> _Exercise instructions_
Look through the listing below for the line containing "Aston Martin DB5". Copy it and each line after it up to and including the line containing "Cliché en échelle", exactly, leaving out pictures.
-- Excerpted records follows --
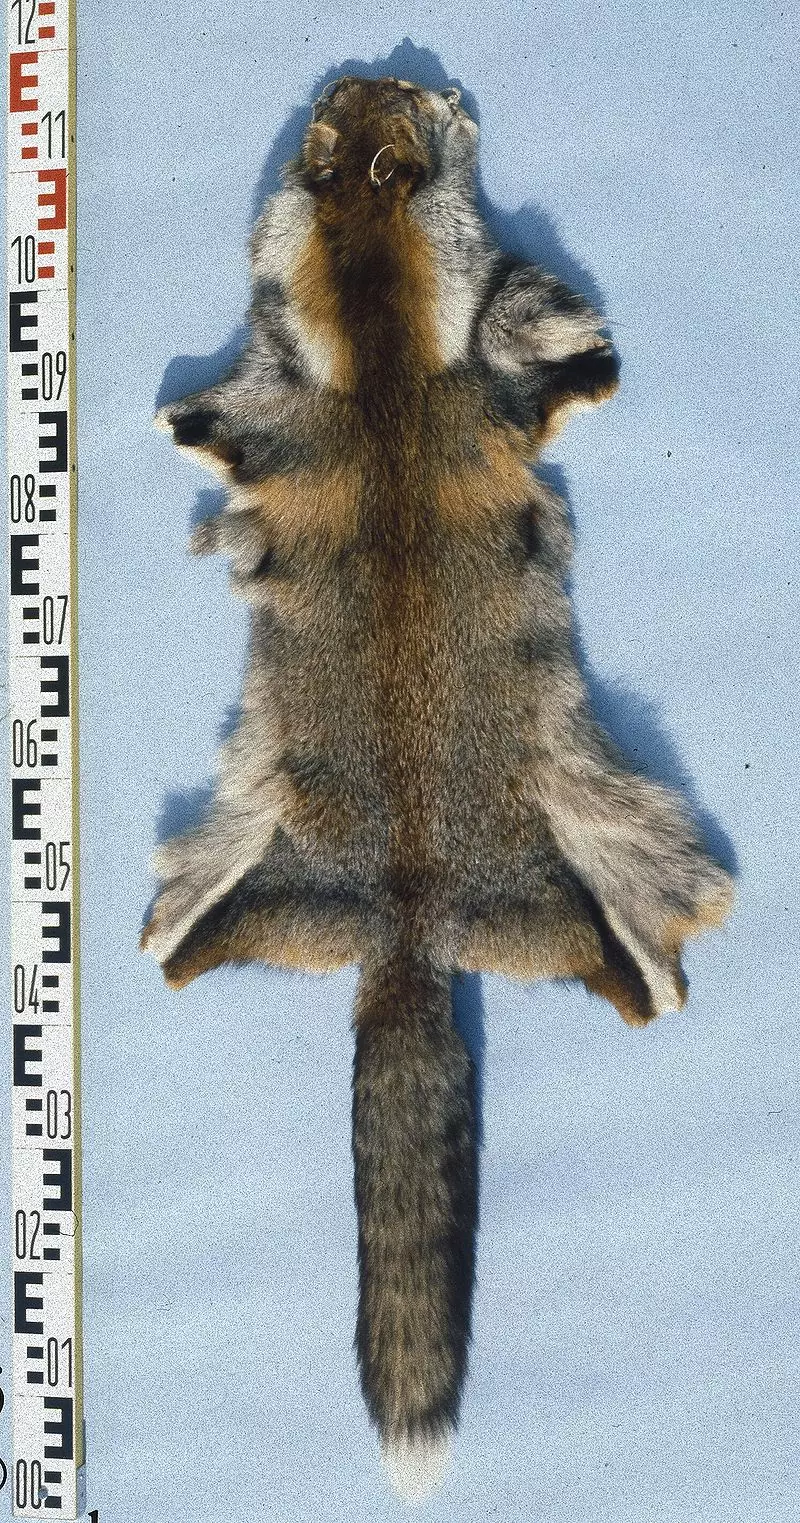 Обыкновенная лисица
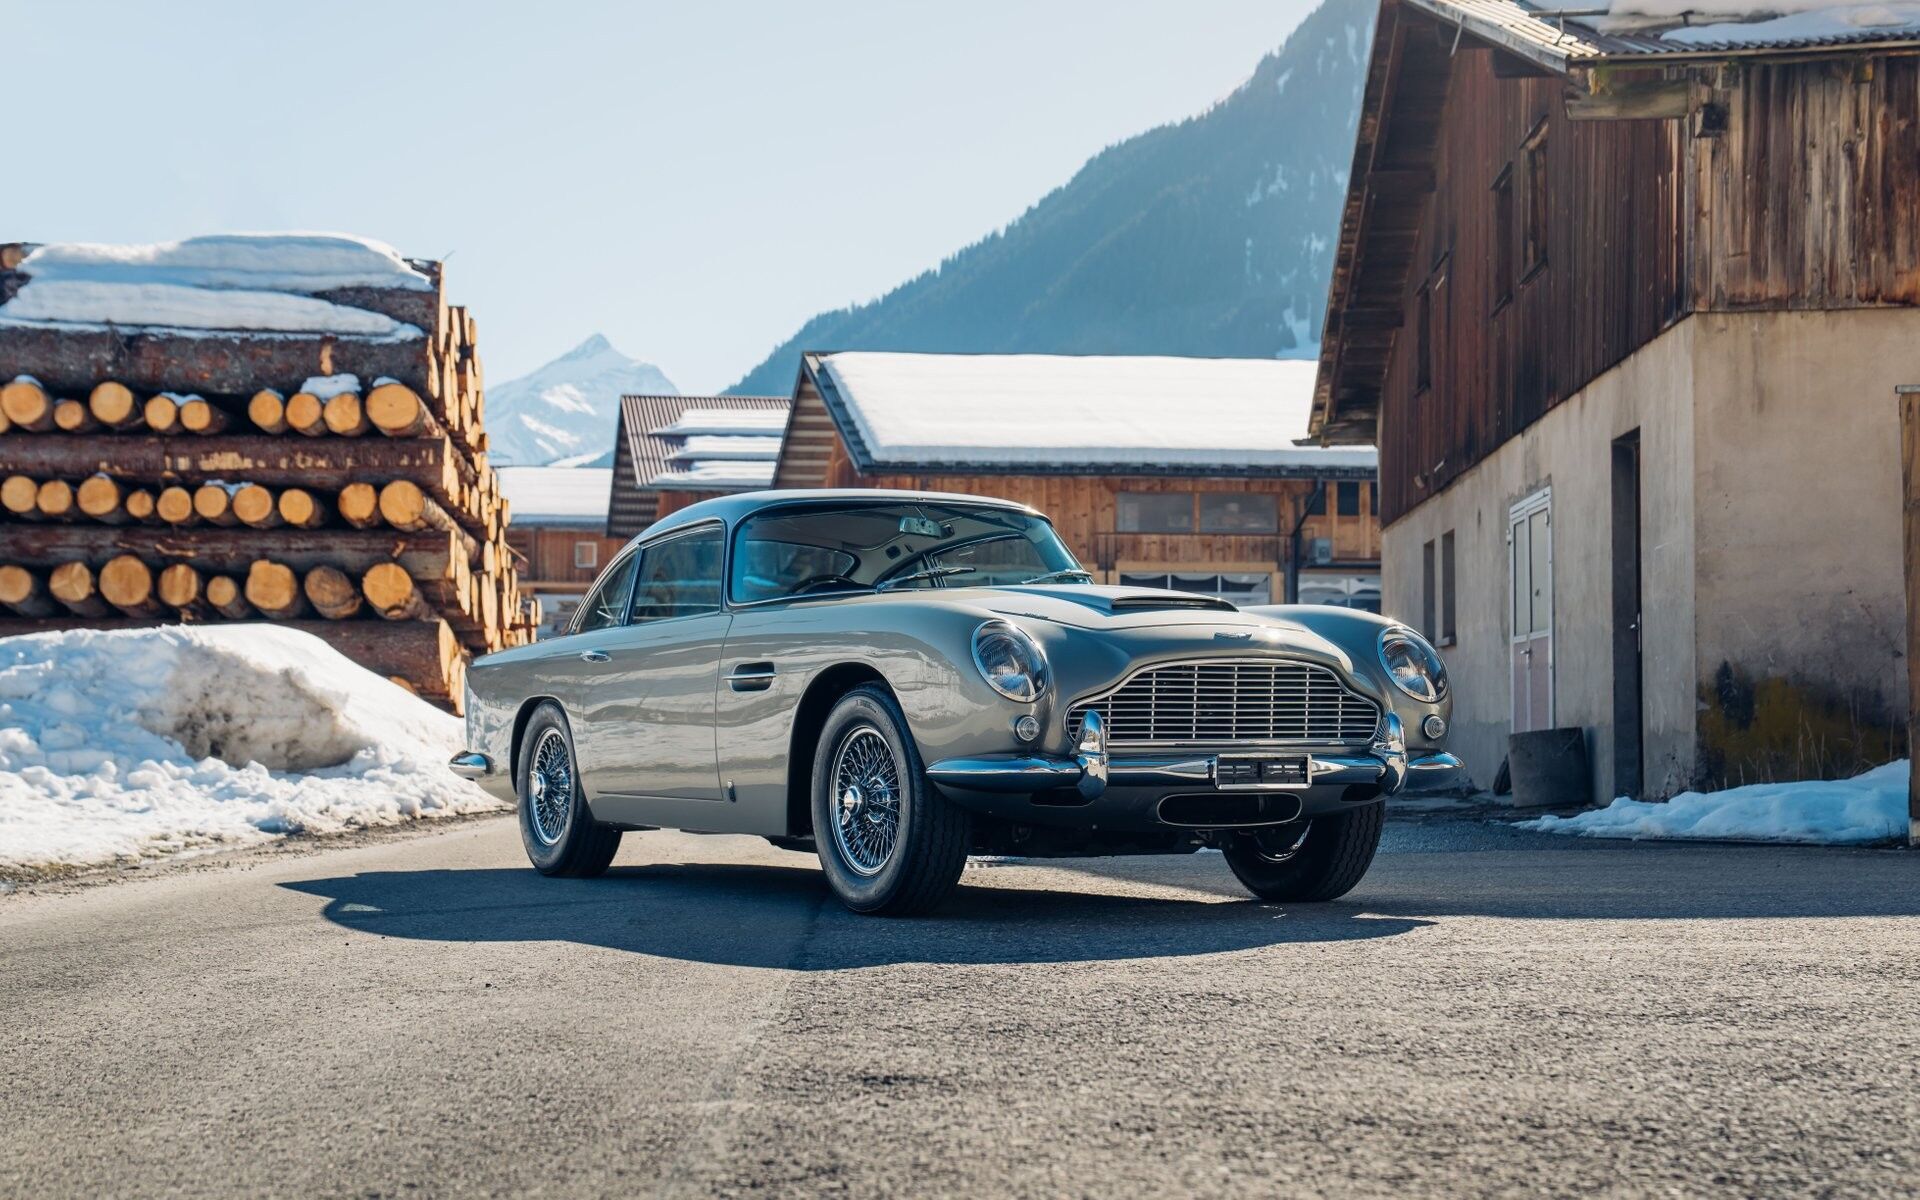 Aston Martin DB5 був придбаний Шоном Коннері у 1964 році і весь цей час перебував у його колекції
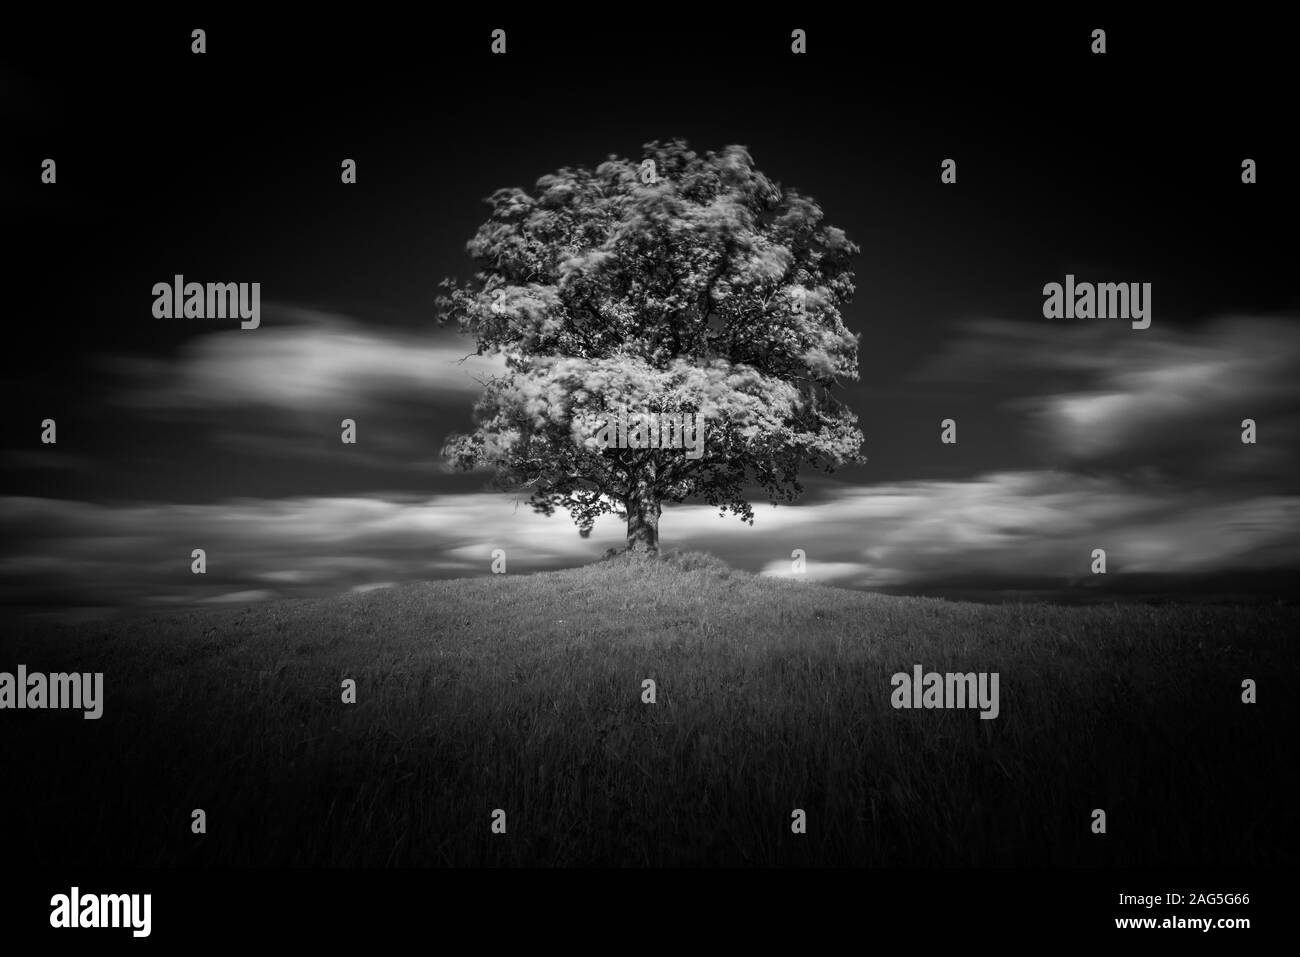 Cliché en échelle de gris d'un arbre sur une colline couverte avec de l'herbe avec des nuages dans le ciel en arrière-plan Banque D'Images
-- Excerpted records concluded --
-- Excerpted records follows --
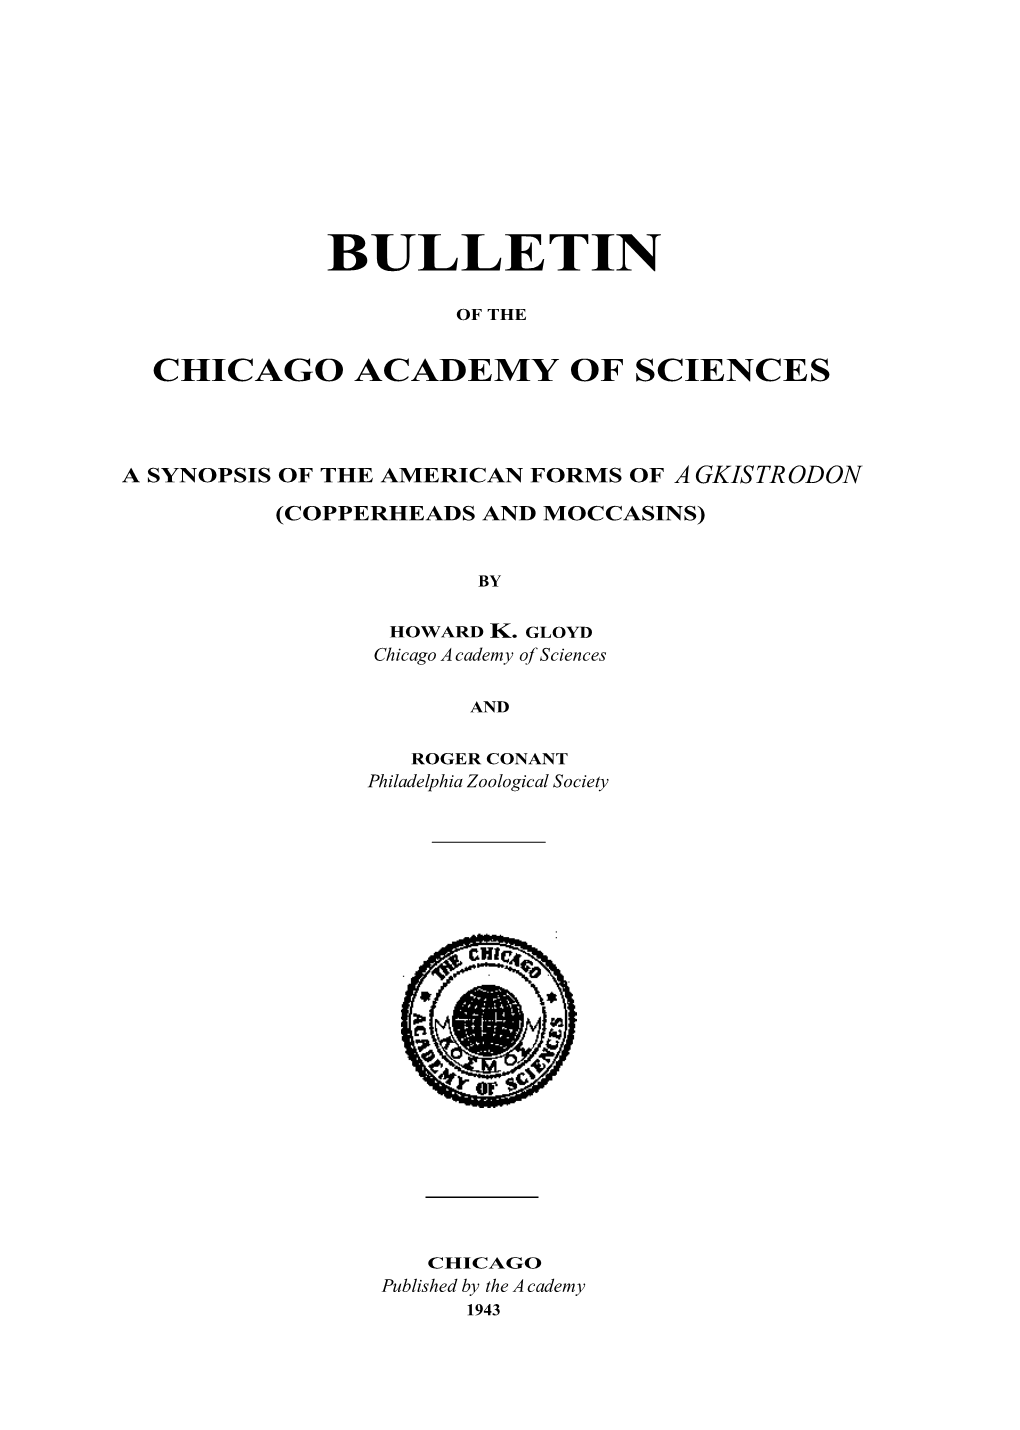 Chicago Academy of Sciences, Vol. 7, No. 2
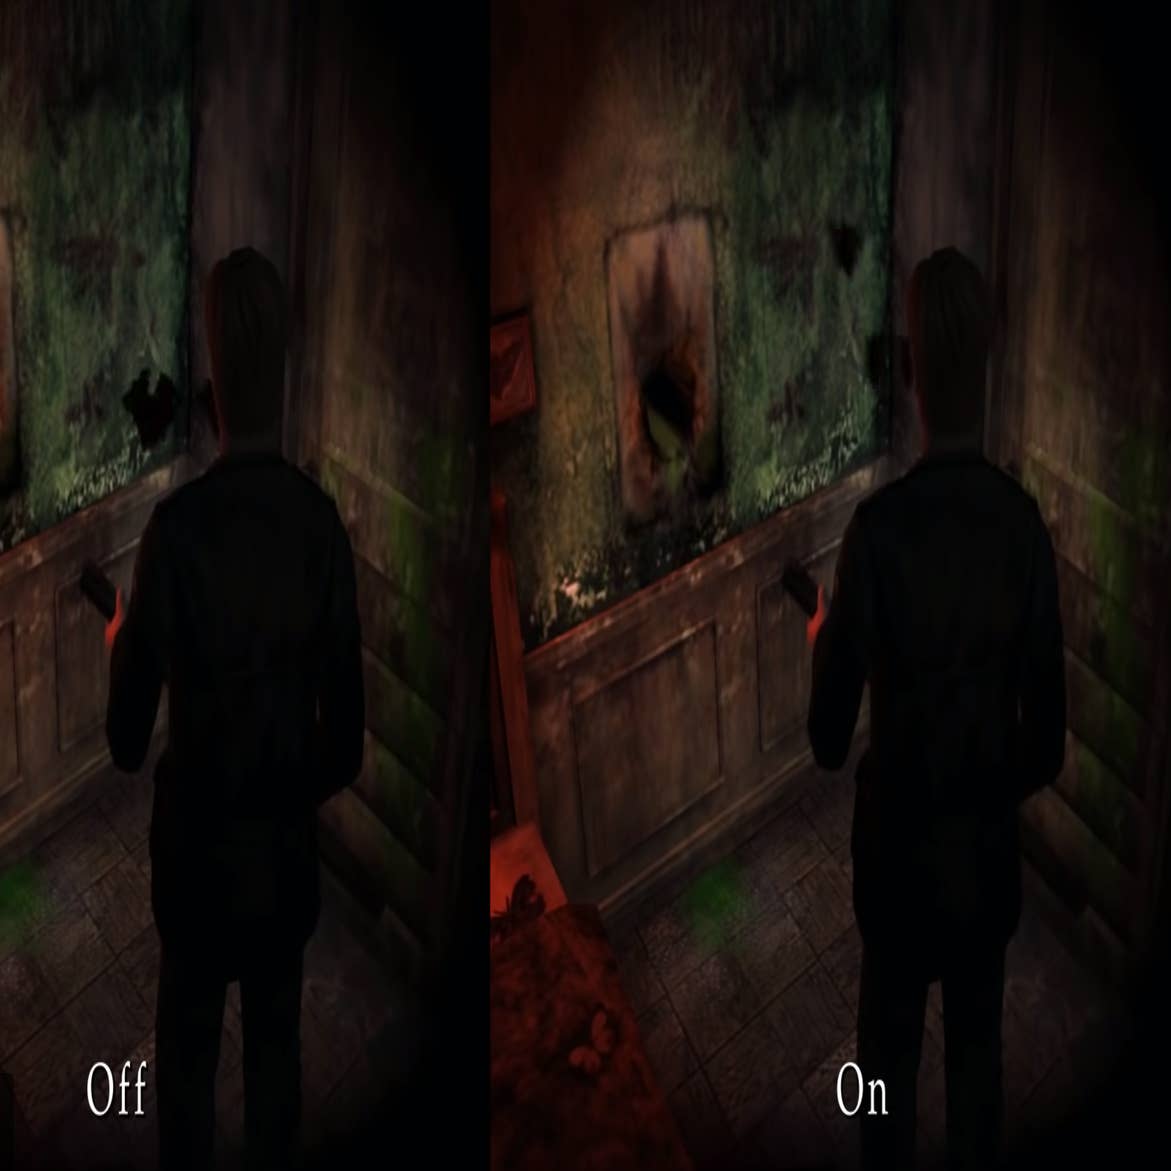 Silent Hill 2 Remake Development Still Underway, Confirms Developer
-- Excerpted records concluded --
-- Excerpted records follows --
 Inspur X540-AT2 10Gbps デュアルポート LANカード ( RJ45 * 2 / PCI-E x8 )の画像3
-- Excerpted records concluded --
> _Exercise output_
 Aston Martin DB5 був придбаний Шоном Коннері у 1964 році і весь цей час перебував у його колекції
 Cliché en échelle de gris d'un arbre sur une colline couverte avec de l'herbe avec des nuages dans le ciel en arrière-plan Banque D'Images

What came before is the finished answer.